At present this is not a test of the ultimate performance of the optic or LED, but this information may be added later.
About the test setup:
The focal distance test is conducted on a granite surface plate, with the sensor of an Extech EA30 Lux meter affixed 1.33 meters above it.
A plumb bob is used to center the lux meter sensor above the reflector.
The optic is affixed to a 12” Mitutoyo height gage.
The LED is clamped to a fan cooled CPU heatsink. (Intel D60188-001)
The LED is powered by a benchtop power supply at a constant current.
The test starts with the bottom of the optic being flush against the top surface of the MCPCB, i.e. there is no gap between them.
The height gage is moved upward in .001” increments and the lux value is recorded at each interval.
The results are graphed.
Any points on the graph which appear errant are measured again along with the neighboring points.
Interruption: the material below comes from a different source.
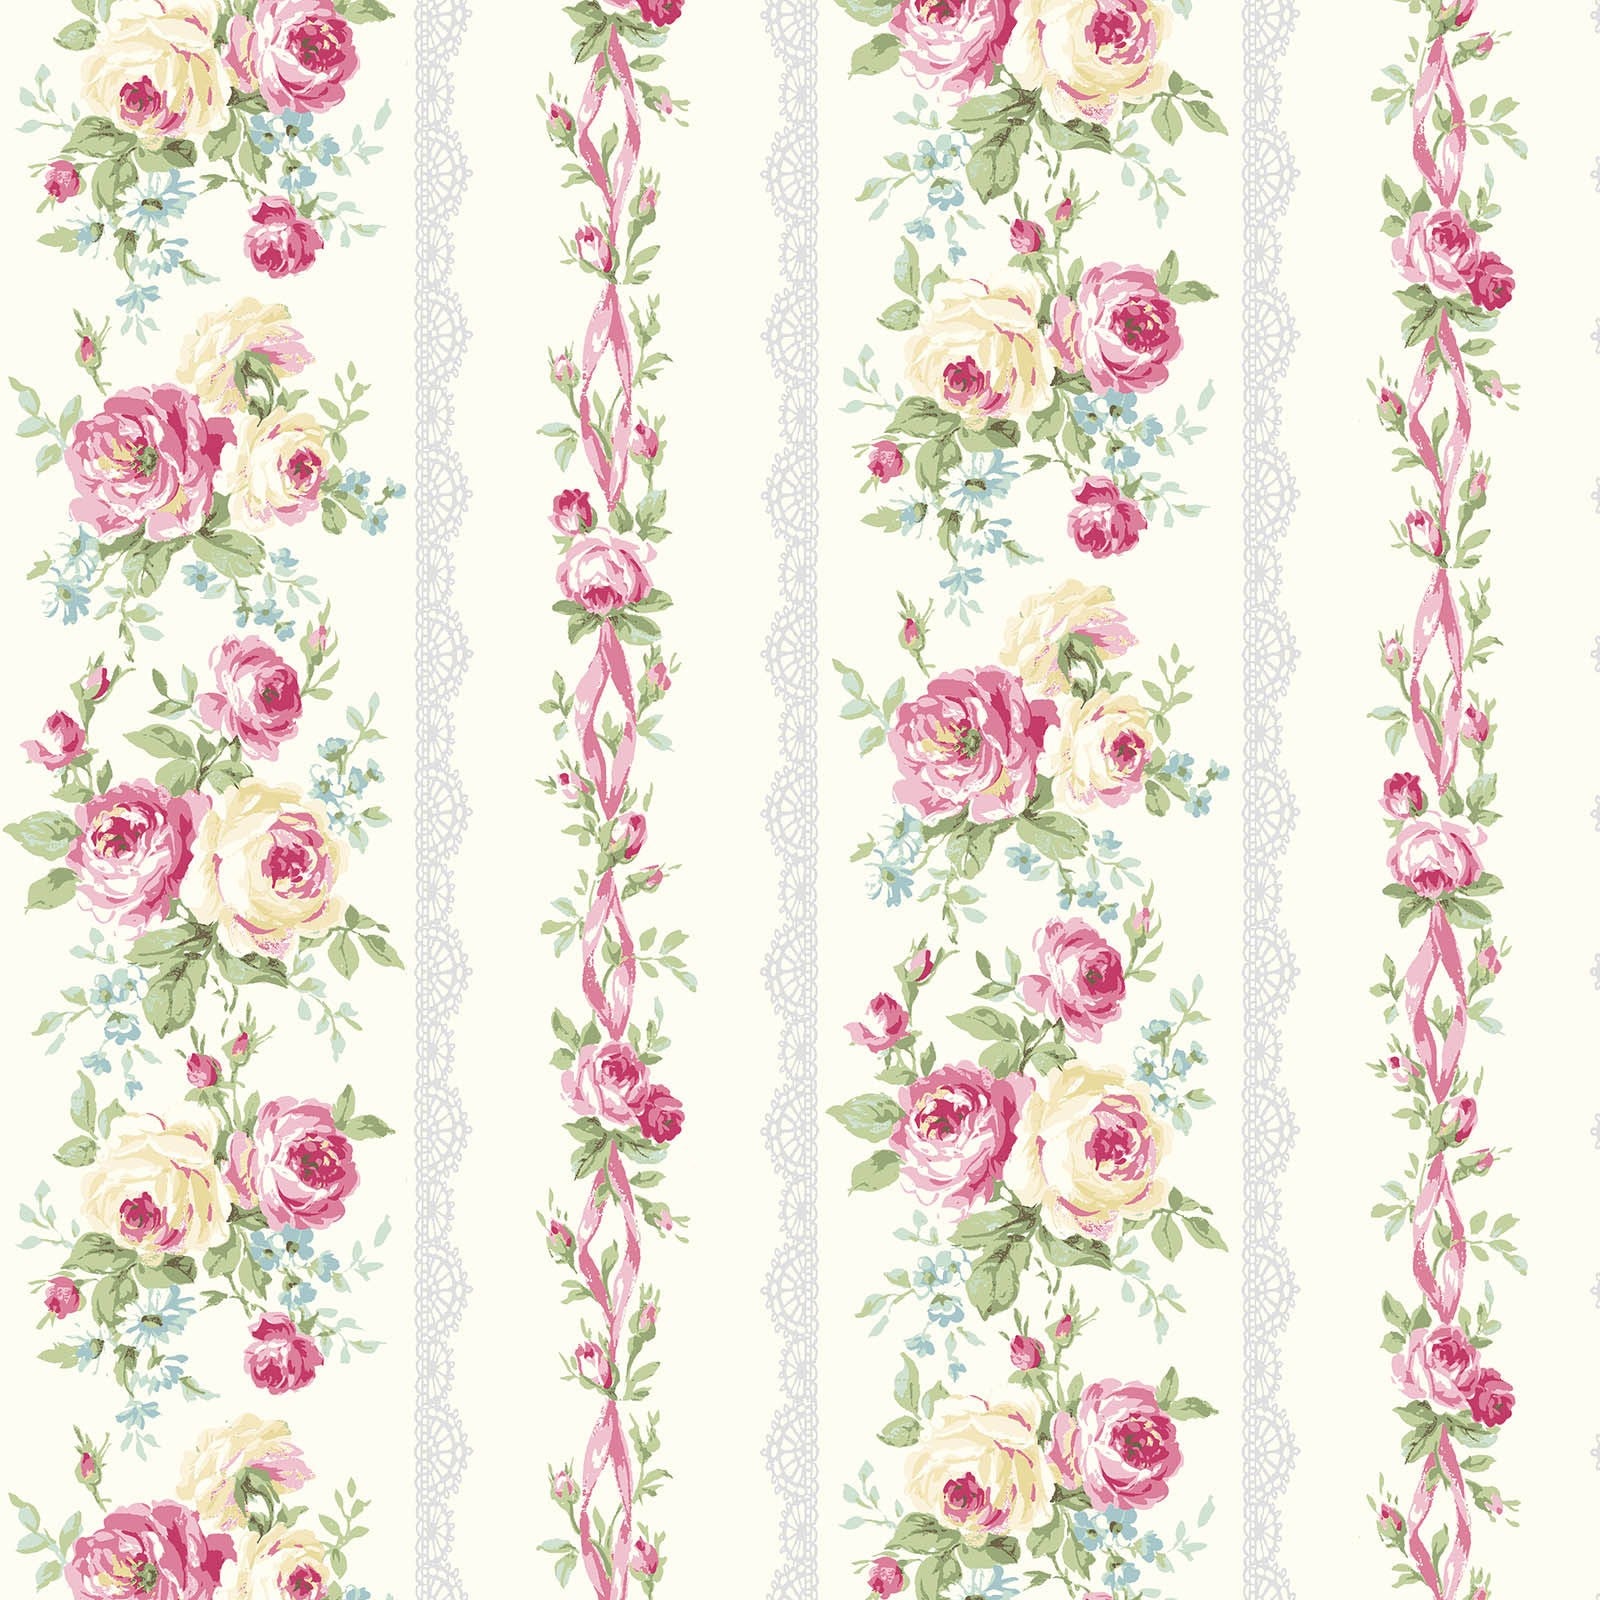 Rose Waltz RuRu Bouquet cotton fabric by Quilt Gate Ru2450-12A Roses and Ribbons on Cream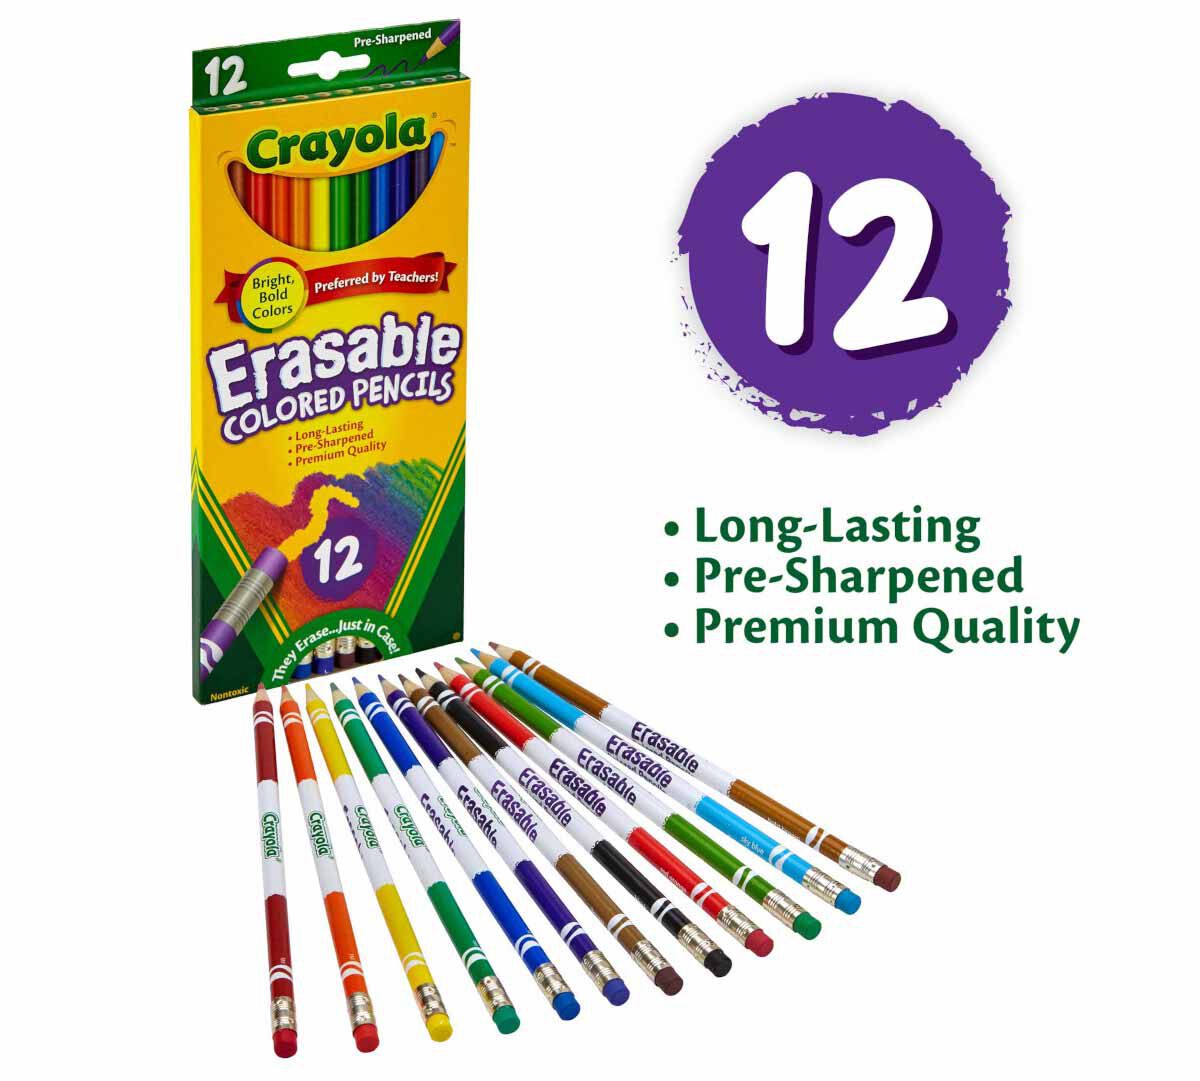 Adult Coloring Case of 12 Packs 50 Count Crayola Colored Pencils Fun At Home Kids Activities

The variance between the initial test values and the new ones is accounted for, e.g., if the new set of measurements are reading 0.03 lux above the former set, .03 lux is subtracted from the results in order to correct the errant value from the original measurement set.
Weights are measured with a Vertias S303 precision balance. Calibrated with Troemner 7017-0 UltraClass 100g weight.
Test #1:
Convoy S2 SMO reflector (not s2+) with an OSRAM KW CSLNM1.TG (1mm2) LED, also commonly known as WF1, mounted on a Convoy 20mm star. LED was installed by Convoy.
OSRAM KW CSLNM1.TG is a domeless 3030 LED with a 1mm x 1mm emitter area.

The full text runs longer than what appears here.